A firefighter originally from Clifton Park is being hailed as a hero after he performed a high-rise rescue in Yonkers on Friday afternoon.
Yonkers Fire Department firefighter Michael Giroux, a Shenendehowa High School graduate in 1988, rappelled from the roof of a 20-plus-story building to save two workers hanging over 100 feet in the air on safety ropes after the scaffolding they were working from collapsed.
Giroux secured the first man to a line, then rappelled with him to the street, where he was taken off in an ambulance. The second man was taken down in similar fashion, but he first had to be freed from the remnants of the scaffold and the various ropes and belts entangling him.
The event unfolded as breaking news on television in the five boroughs of New York and the surrounding suburbs, according to Anne Giroux, Michael’s mother, who learned of the harrowing feat from relatives downstate.
“It was a little scary to see as a mom,” said Anne, Saturday afternoon from her home. She still lives in Clifton Park with her husband and Michael’s father, Richard.
Anne said that her son, who was an alternate for the Olympic Bobsled team in 1988 and played football at the University of Albany, has always been very confident, is a team player and is very humble. She said that when she talked to her son after the incident he told her, “It was just my job, mom.”
In the aftermath of the rescue, Giroux praised his colleagues on the roof who kept him secure and said he was well-prepared because of his training.

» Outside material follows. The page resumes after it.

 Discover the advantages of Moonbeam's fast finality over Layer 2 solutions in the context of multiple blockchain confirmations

With 10 years on the job as a firefighter, according to his mother, her son previously worked as a physiologist in New York City. When asked whether she expected her son’s heroic actions, Anne said, “It’s not a surprise.”

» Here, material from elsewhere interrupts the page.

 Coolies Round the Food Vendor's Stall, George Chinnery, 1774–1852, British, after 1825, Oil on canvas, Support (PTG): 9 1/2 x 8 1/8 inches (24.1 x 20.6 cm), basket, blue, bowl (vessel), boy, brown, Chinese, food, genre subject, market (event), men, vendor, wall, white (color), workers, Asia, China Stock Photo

Yonkers Fire Commissioner Anthony Pagano said there were no serious injuries relating to the incident and noted that the men had been secure enough to give the department time to plan a rescue. Previous efforts to reach the stranded men with a ladder from a fire truck on the scene were unsuccessful because it was about 10 feet too short, which prompted Giroux’s maneuver.
Pagano praised Giroux, but added, “It was a team effort, and we will honor them all.”